The sandwich and the typing were set aside while Anna was settled in Harry's chair and copies of the past three weeks' 10-343s and 10-344s case and criminal incident reports were lifted from the files and placed before her.
On a case incident report submitted ten days earlier by the district ranger on the northwest side of the park, Anna found what she was looking for. No crime had been committed; it was the report of the truck and trailer abandoned off-road within park boundaries. The truck was registered to a Carl G. Micou out of Tampa, Florida. Anna rechecked the report on the abandoned truck. The only phone number on the vehicle registration turned out to belong to a business phone that had been disconnected, the phone number of Fetterman's Adventure Trails on Highway 41.

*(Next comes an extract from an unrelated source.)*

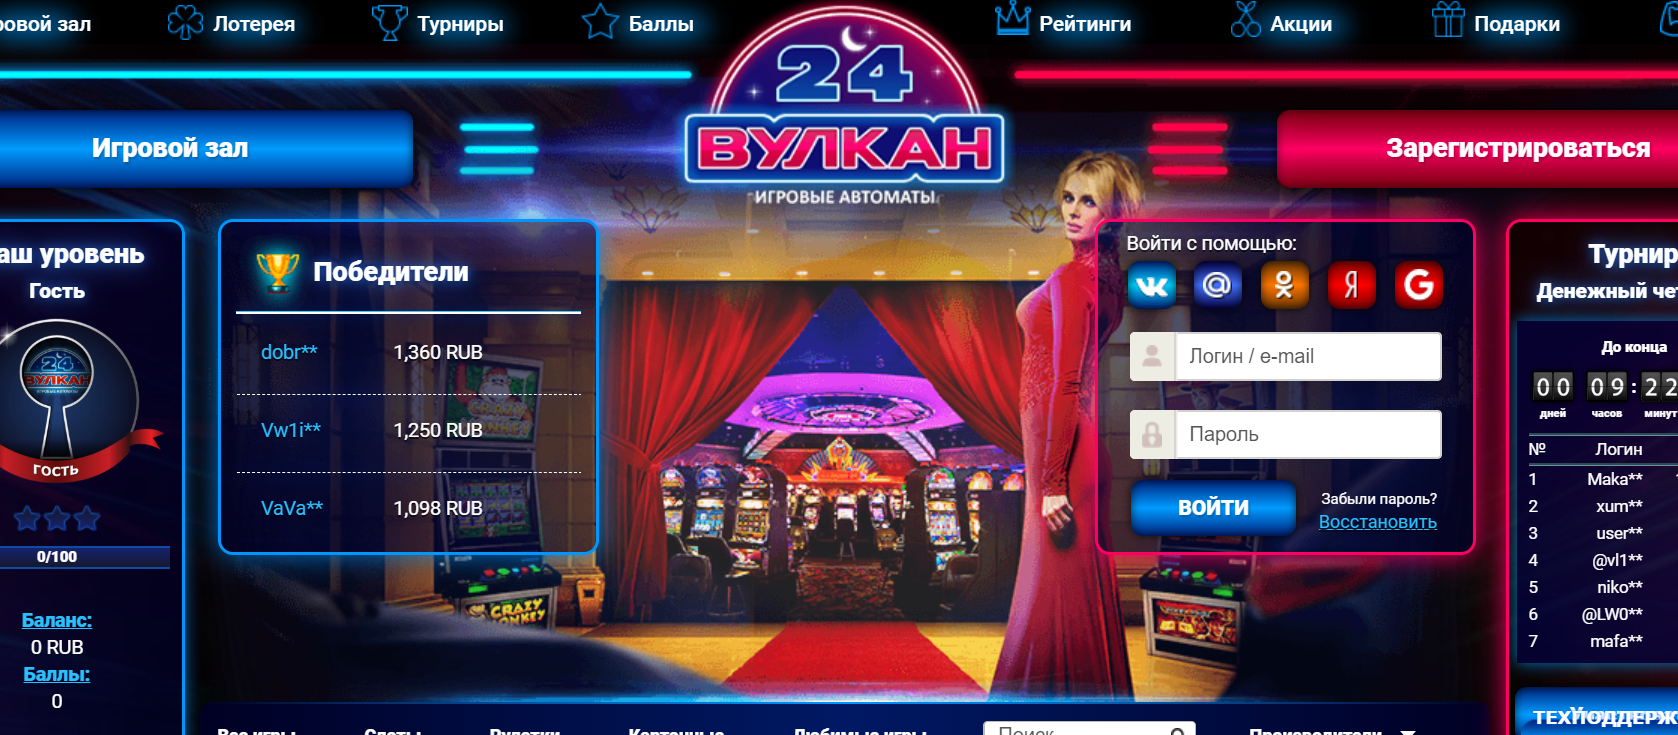 Вулкан казино – онлайн игры в интернете
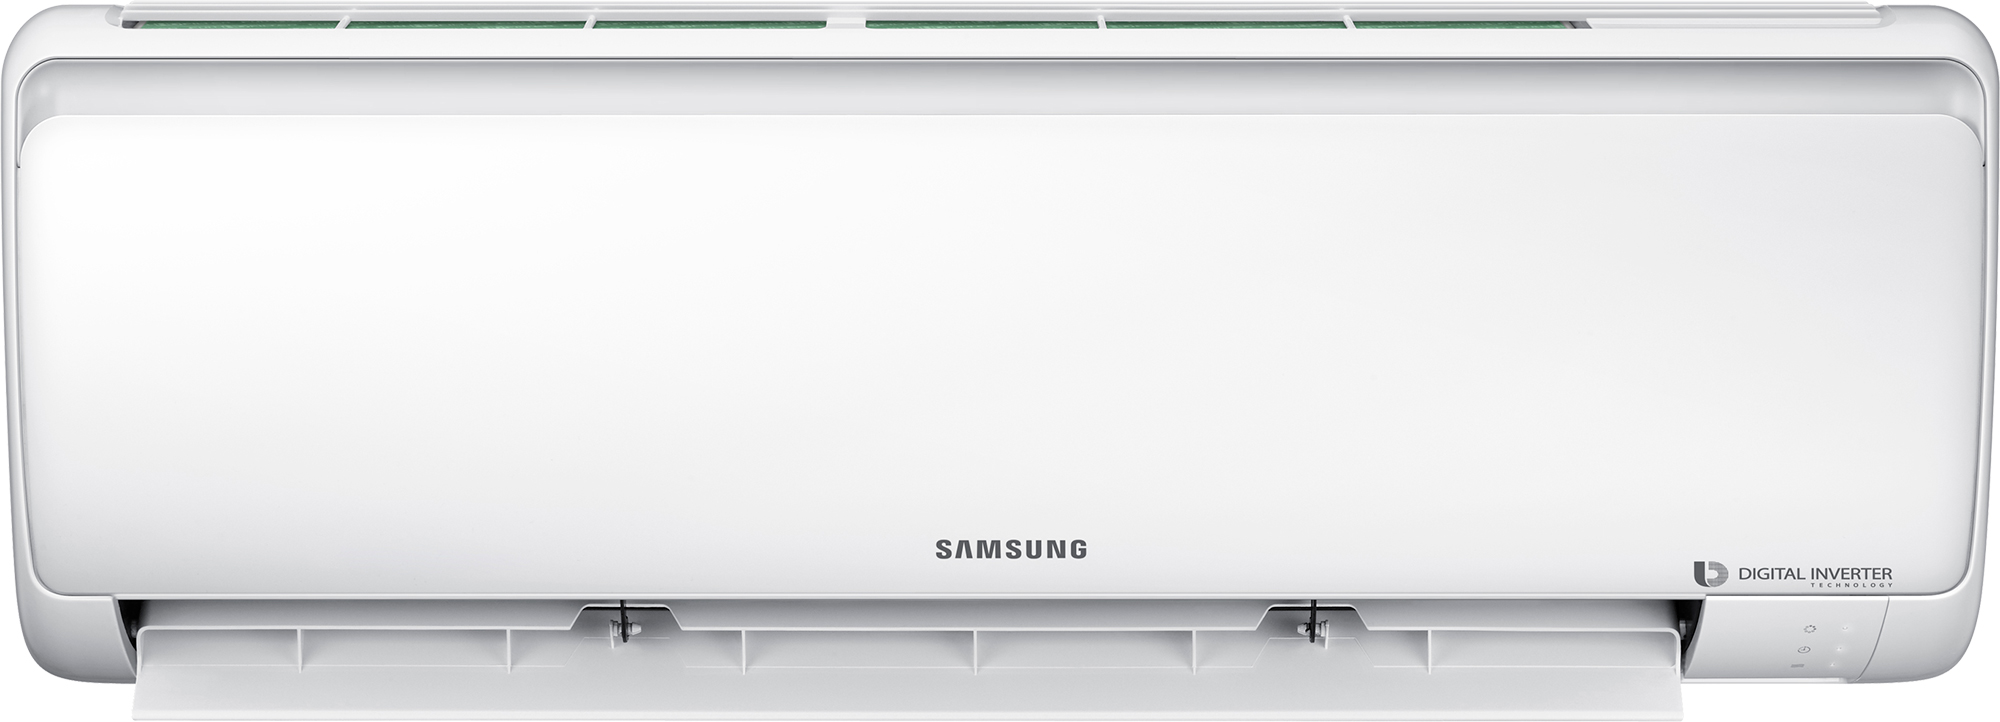 Кондиционер сплит-система Samsung AR12RSFPAWQNER / AR12RSFPAWQXER цена 0.00 грн - фотография 2

Anna had what she wanted but she didn't know what she had. For the next hour she read reports from the time the truck and trailer were found to the present but there was nothing else pertinent. A call to the Polebridge ranger station and another to dispatch let her know that no one had come forward to claim the vehicles. Anna photocopied the 10-343, thanked Maryanne and walked back to the resource management office.
The secretary's sandwich reminded Anna it was lunchtime but she was too preoccupied to take time hunting and gathering. Back in Joan's office she made do with candy. She was going to owe the researcher a bag of gummi bears before the day was through.